Hence, the assertion of this lemma is proved. $\square $

Therefore, it follows from Lemma 4.3 that the inequality (4.6) holds. Then, an immediate consequence to (4.3) and (4.6) is that,

$$\begin{aligned} \langle H({\varvec{u}}^k-{\varvec{u}}^*),H^{-1}M({\varvec{u}}^k-{{\widetilde{{\varvec{u}}}}}^k)\rangle \ge \frac{\delta }{1+\delta }\Vert {\varvec{u}}^k-{{\widetilde{{\varvec{u}}}}}^k\Vert _H^2>0,\quad \forall {\varvec{u}}^k\ne {{\widetilde{{\varvec{u}}}}}^k. \end{aligned}$$

Obviously, the above inequality indicates that, at any iteration k of the algorithm, $-H^{-1}M({\varvec{u}}^k-{{\widetilde{{\varvec{u}}}}}^k)$ is a descent direction of the distance function $\frac{1}{2}\Vert {\varvec{u}}-{\varvec{u}}^*\Vert _H^2$, which also ensures that the correction step (3.3) is well defined.

Theorem 4.1

Let ${\varvec{u}}^*$ be an arbitrary solution of (1.1).
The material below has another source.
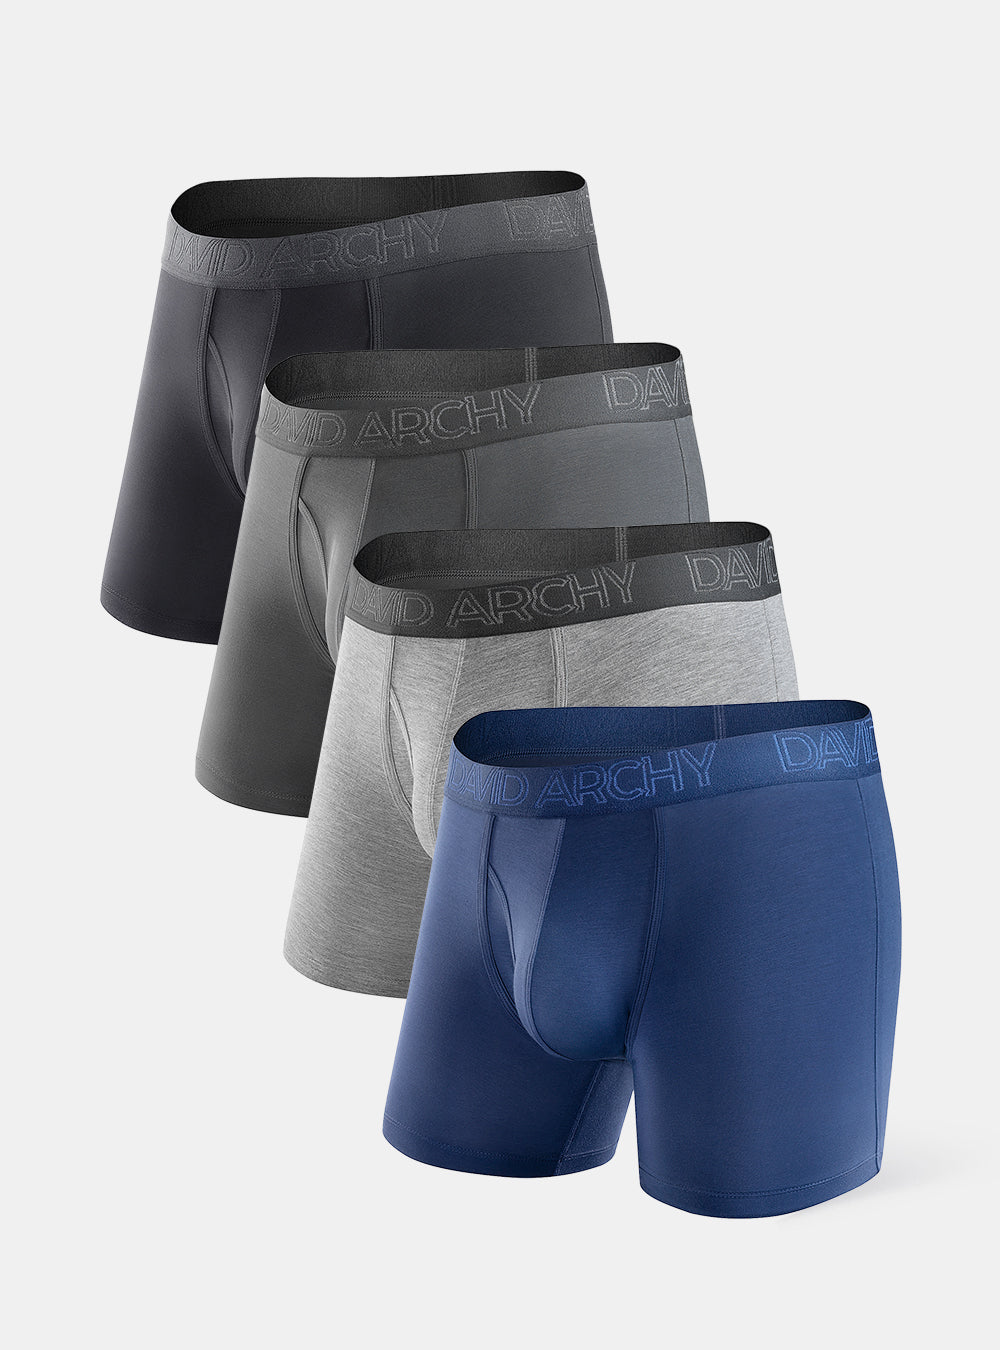 4 Packs Bamboo Rayon Breathable Soft Trunks
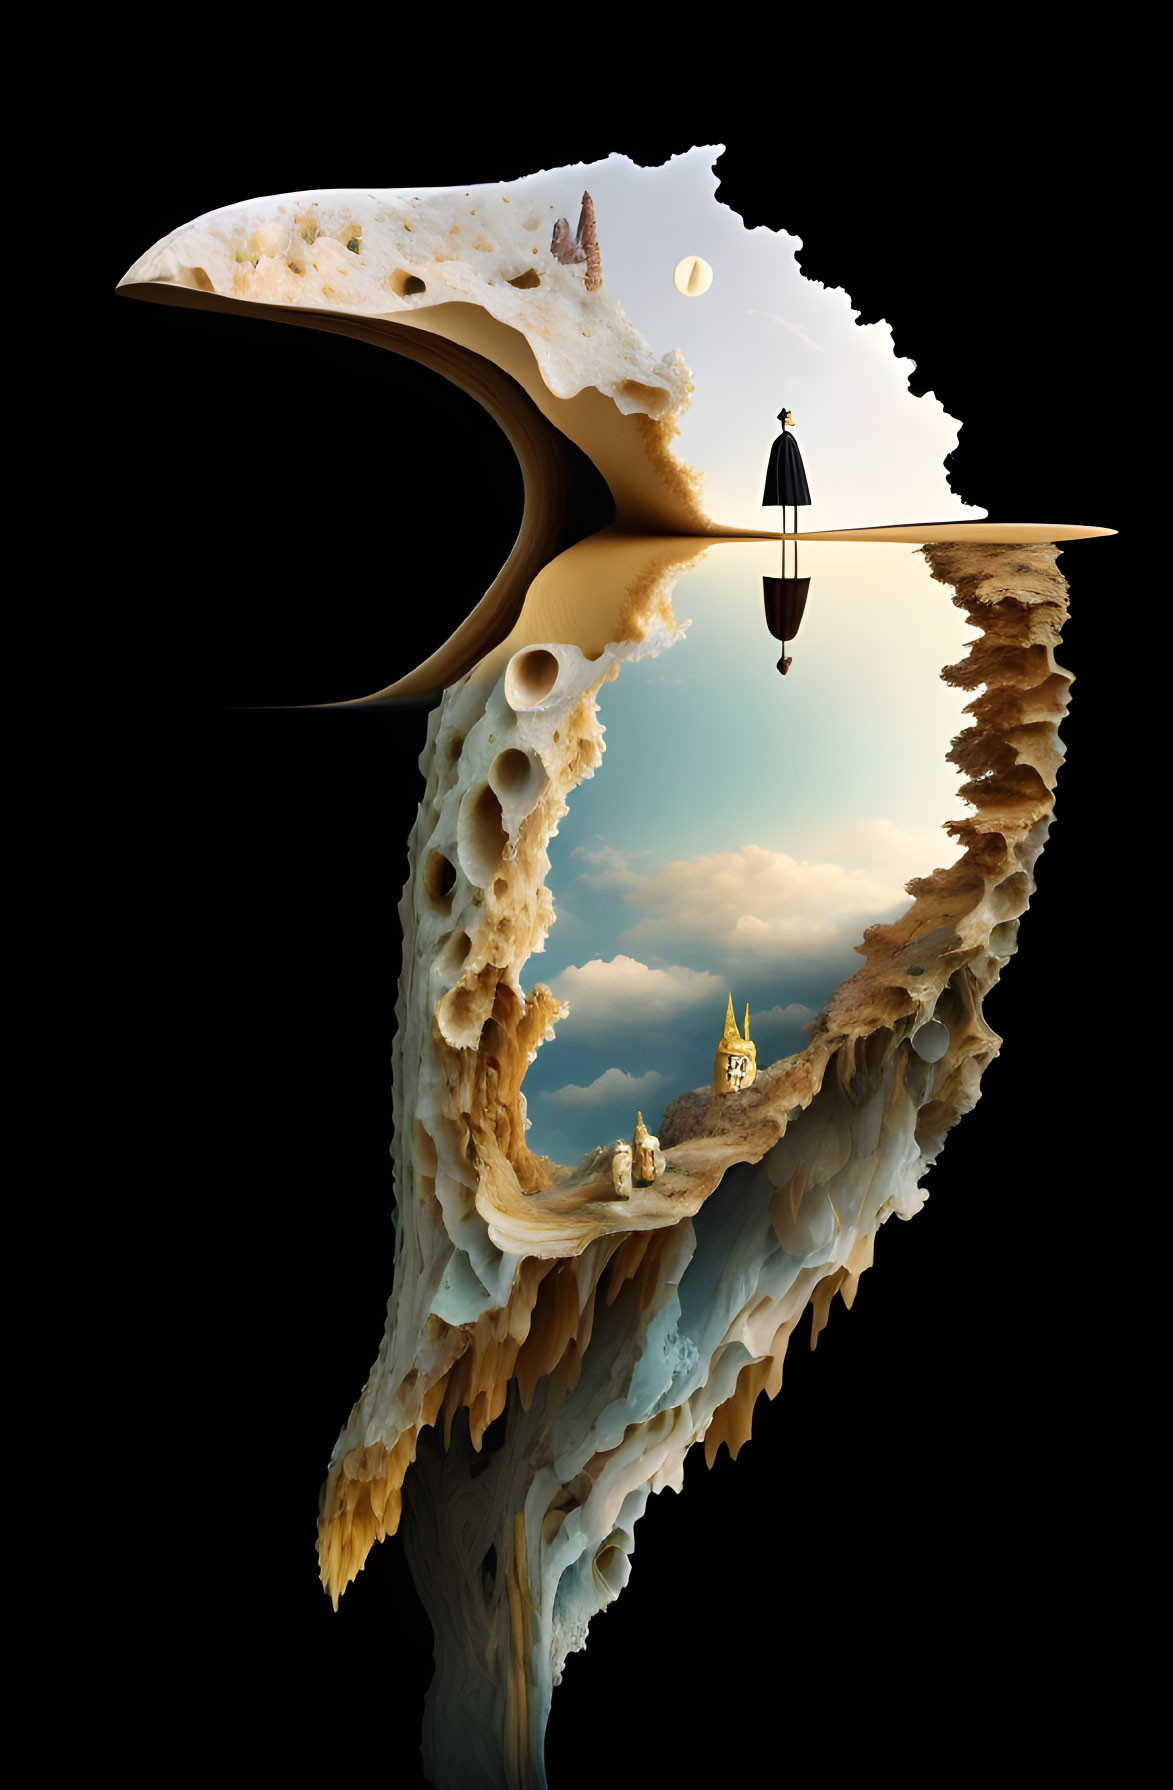 Surreal Artwork: Person on Cliff in Cityscape-Cavern Cross-Section

Then, there exists a constant $c>0$ such that the sequence $\{{\varvec{u}}^k\}$ generated by Algorithm 1 satisfies

$$\begin{aligned} \Vert {\varvec{u}}^{k+1}-{\varvec{u}}^*\Vert _H^2 \le \Vert {\varvec{u}}^k-{\varvec{u}}^*\Vert _H^2 - c\Vert {\varvec{u}}^k-{{\widetilde{{\varvec{u}}}}}^k\Vert _H^2. \end{aligned}$$

(4.7)

Proof

Recalling the iterative scheme (3.3), we have

$$\begin{aligned}&\Vert {\varvec{u}}^{k+1}-{\varvec{u}}^*\Vert _H^2 \nonumber \\&\quad = \Vert {\varvec{u}}^k-\gamma \alpha _k H^{-1}M({\varvec{u}}^k-{{\widetilde{{\varvec{u}}}}}^k)-{\varvec{u}}^*\Vert _H^2 \nonumber \\&\quad =\Vert {\varvec{u}}^k-{\varvec{u}}^*\Vert _H^2 - 2\gamma \alpha _k\langle {\varvec{u}}^k-{\varvec{u}}^*,M({\varvec{u}}^k-{{\widetilde{{\varvec{u}}}}}^k)\rangle + \gamma ^2\alpha _k^2\Vert H^{-1}M({\varvec{u}}^k-{{\widetilde{{\varvec{u}}}}}^k)\Vert _H^2 \nonumber \\&\quad \le \Vert {\varvec{u}}^k-{\varvec{u}}^*\Vert _H^2 - 2\gamma \alpha _k\langle {\varvec{u}}^k-{{\widetilde{{\varvec{u}}}}}^k,M({\varvec{u}}^k-{{\widetilde{{\varvec{u}}}}}^k)\rangle + \gamma ^2\alpha _k^2\Vert H^{-1}M({\varvec{u}}^k-{{\widetilde{{\varvec{u}}}}}^k)\Vert _H^2 \nonumber \\&\quad =\Vert {\varvec{u}}^k-{\varvec{u}}^*\Vert _H^2 - \gamma (2-\gamma )\alpha _k\langle {\varvec{u}}^k-{{\widetilde{{\varvec{u}}}}}^k,M({\varvec{u}}^k-{{\widetilde{{\varvec{u}}}}}^k)\rangle \nonumber \\&\quad \le \Vert {\varvec{u}}^k-{\varvec{u}}^*\Vert _H^2 - \gamma (2-\gamma )\alpha _k \frac{\delta }{1+\delta } \Vert {\varvec{u}}^k-{{\widetilde{{\varvec{u}}}}}^k\Vert _H^2. \end{aligned}$$

(4.8)

It follows from the definition of $\alpha _k$, defined by (3.4), that

$$\begin{aligned} \alpha _k&:=\frac{({\varvec{u}}^k-{{\widetilde{{\varvec{u}}}}}^k)^\top M({\varvec{u}}^k-{{\widetilde{{\varvec{u}}}}}^k)}{\Vert H^{-1}M({\varvec{u}}^k-{{\widetilde{{\varvec{u}}}}}^k)\Vert _H^2} \\&\ge \frac{\delta \Vert {\varvec{u}}^k-{{\widetilde{{\varvec{u}}}}}^k\Vert _H^2}{(1+\delta )\Vert M^\top H^{-1}M\Vert \Vert {\varvec{u}}^k-{{\widetilde{{\varvec{u}}}}}^k\Vert ^2} \\&\ge \frac{\delta \lambda _{\min }(H)}{(1+\delta )\Vert M^\top H^{-1}M\Vert } \\&=\frac{\delta \cdot \min \left\{ \frac{1}{\tau },\frac{1}{\sigma }+2\rho \lambda _{\min }(B^\top B)\right\} }{(1+\delta )\Vert M^\top H^{-1}M\Vert } \\&:=\alpha _{\min } >0, \end{aligned}$$

where $\lambda _{\min }(\bullet )$ denotes the minimum eigenvalue of a matrix $(\bullet )$.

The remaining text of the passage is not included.